BRADLEY SMOKER | "Taste the Great Outdoors"

Recipe Discussions => Fish => Topic started by: stillsmoking on July 13, 2010, 06:30:49 AM

Title: Smoked Sockeye
Post by: stillsmoking on July 13, 2010, 06:30:49 AM
Had some fresh Sockeye the other day so decided it was time for some smoked salmon.  Used Kummoks basic brine with a few adjustments.  Also as you can see I just quartered the fish, I also cut a strip of skin off the back to allow better brine penetration.  Result is below, very good!

(http://i994.photobucket.com/albums/af70/BretRobin/IMG_0185.jpg)
Title: Re: Smoked Sockeye
Post by: FLBentRider on July 13, 2010, 06:47:23 AM
That looks great SS.
Title: Re: Smoked Sockeye
Post by: ArnieM on July 13, 2010, 01:45:01 PM
Looks good SS.  Does the skin come out crispy?  Do you eat the skin or take it off?
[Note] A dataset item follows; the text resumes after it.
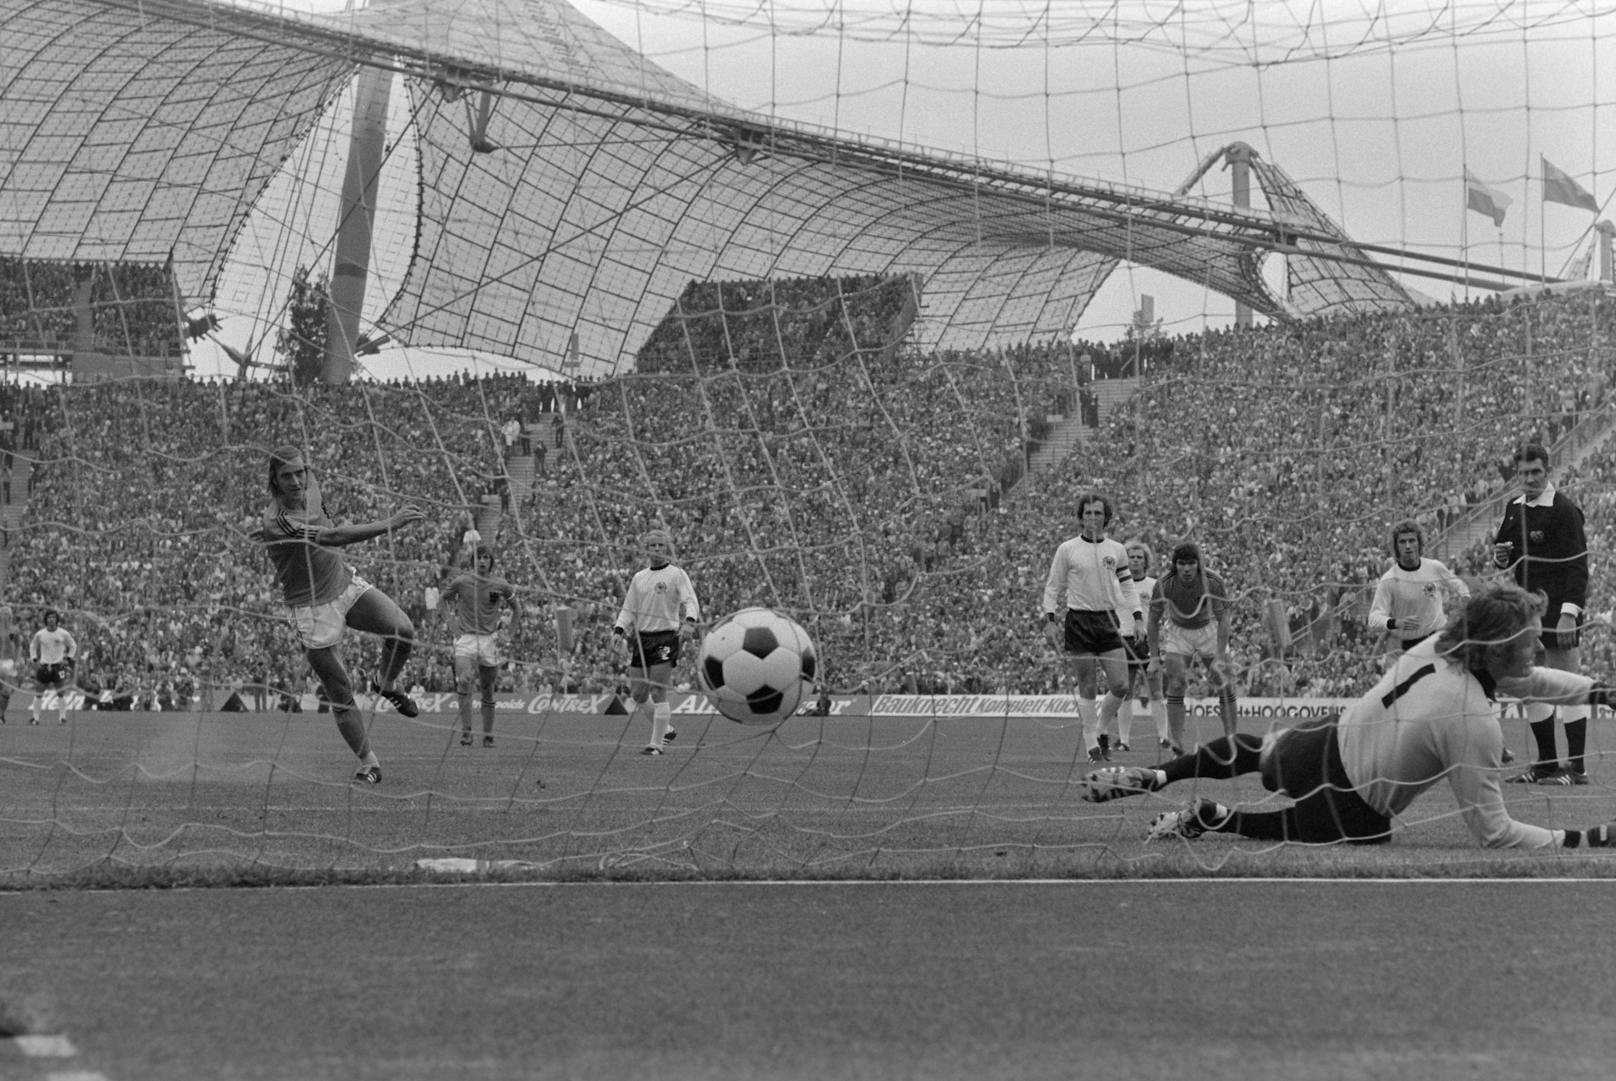 Der schnellste Elfmeter: In der 1. Minute im Finale Deutschland – Niederlande bei der WM 1974. Johan Neeskens verwandelte ihn zum 1:0 für die Niederlande. Die deutsche Mannschaft hatte vor dem Gegentreffer keine einzige Ballberührung.

I'm hesitant to experiment with it because it runs $17.99/Lb here and I'd hate to ruin it
Title: Re: Smoked Sockeye
Post by: stillsmoking on July 13, 2010, 05:04:22 PM
Thanks FL, ArnieM.  I would call the skin rubbery rather than crispy and I do not eat it.  The finished product comes off the skin and bone easily.  The skin helps hold everything together during the brining and smoking process and also helps to keep things moist while in the smoker.  In my opinion.  For the record I usually don't smoke sockeye, I prefer other salmon for smoking.  This one was a gift from a friend and I already had some salmon so into the smoker.  It turned out nicely, mild, moist and not too salty or sugary.